Just recently I saw a mention of Fritz Lang's 1931 film M, on social media.  Having been transfixed and enthralled by the same director's epic Metropolis, I resolved to watch M.

The story is set in Berlin, and centres on the hunt for a serial killer who is abducting and murdering children. At some point members of the city's criminal underworld decide to launch their own hunt for the killer, although the purity of their motives is open to question.  Peter Lorre stars as the main suspect, Beckert.

From its beginning, this film displays a great inventiveness, grittiness and attention to detail, with much intriguing imagery and symbolism.  The opening scene, in which some children are singing a "chant" about the murder of children, is rather chilling and powerfully but subtly presented. There can't have been too many films tackling such dark and challenging subject matter in the early 1930s.

Peter Lorre is never less than compelling in the role of Beckert, and his "monologue" towards the end of the movie is both gripping and harrowing.

M has some interesting sub-texts, among which are society's attitudes towards children, the rule of law and the decencies of civilization. I interpreted one of the film's messages as being that some people are ambivalent about even such terrible crimes, and more worried about how their own private interests might be affected, whilst others exhibit an unpleasant ferocity and hysteria, shedding their powers of reason.
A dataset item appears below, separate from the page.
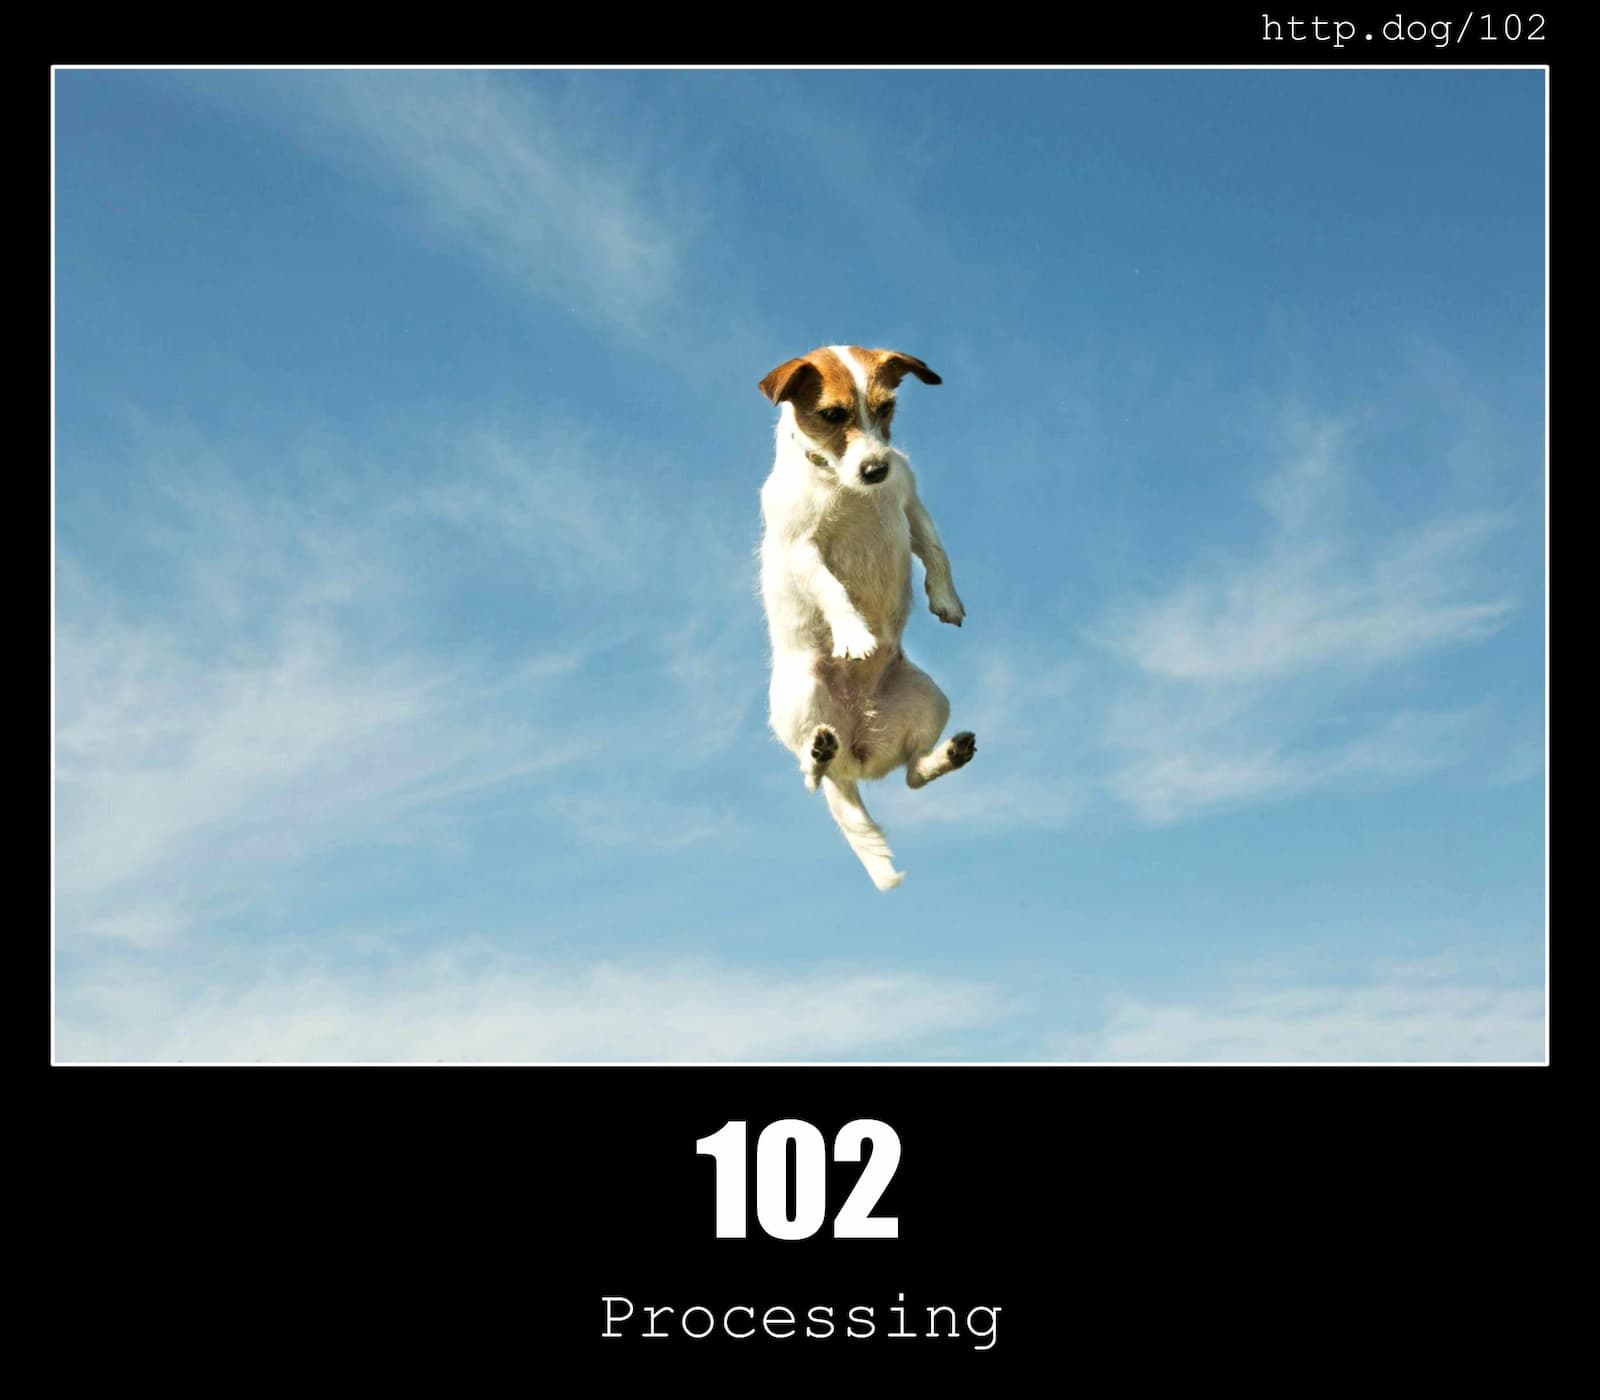 HTTP Status Code 102 Processing & Dogs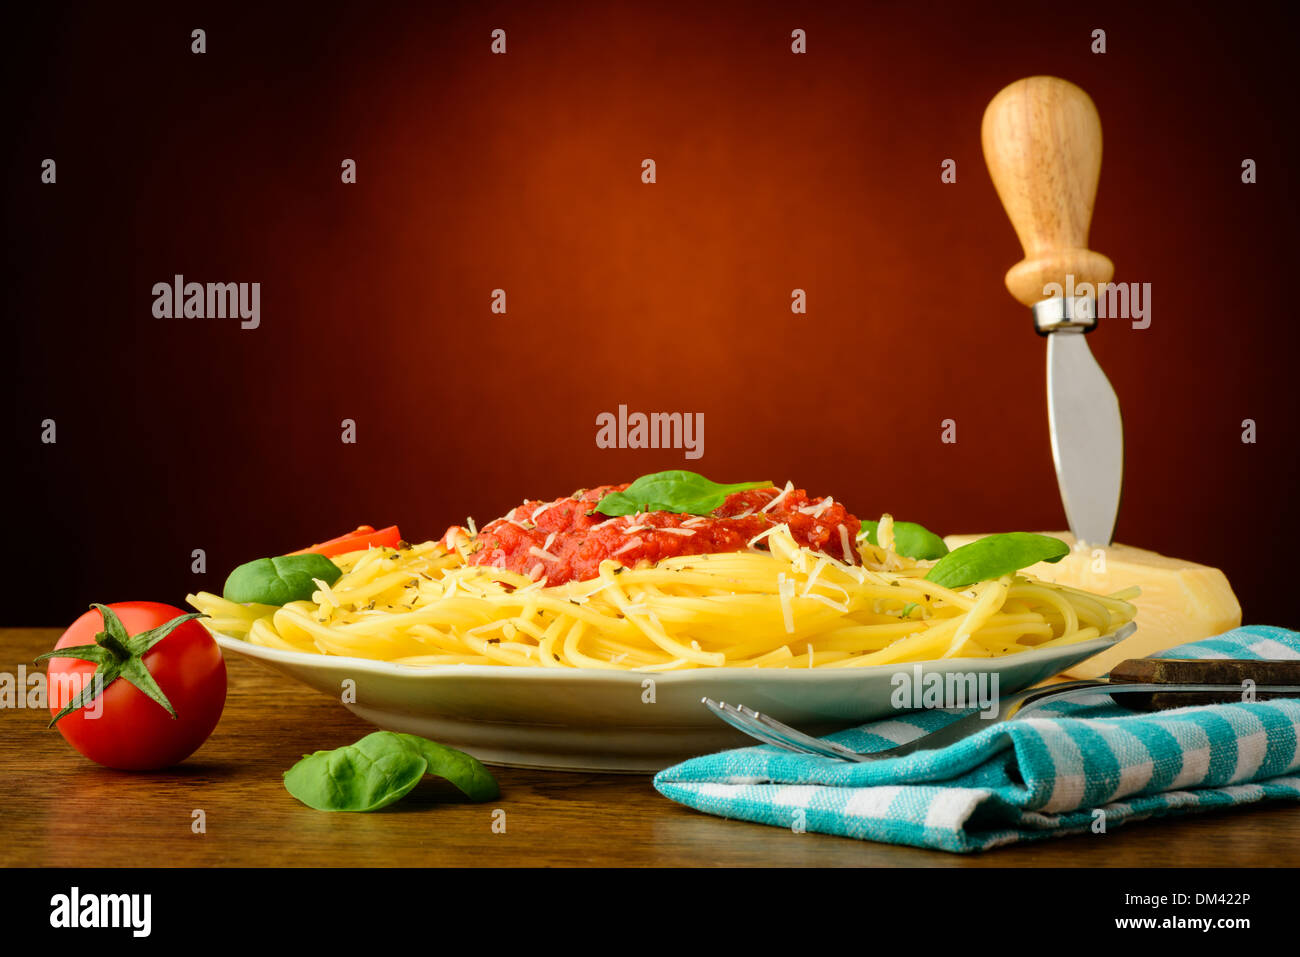 still life with traditional spaghetti pasta on a plate Stock Photo

It is fascinating to note that even in 1931 it is posited that criminal cases have become media events, although back then of course the main medium was the newspaper.  The paranoia and distrust engendered by the murders is cleverly portrayed, accentuated by the generally dark tone and the sets.

One thing which occurred to me whilst watching this picture was a slight parallel with Erich Kastner's Emil and The Detectives. In that novel a group of youngsters try to solve a crime themselves. Here, the criminal elements do a similar thing, assisted by various locals, including beggars. Whether the similarity is significant I genuinely have no idea, but the two stories do appear to have been written around the same time.

I found M to be a highly absorbing film, cleverly conceived and asking some unsettling questions about modern society and human nature. Apparently Lang regarded this as his favourite among his own films, and that in itself is high praise indeed.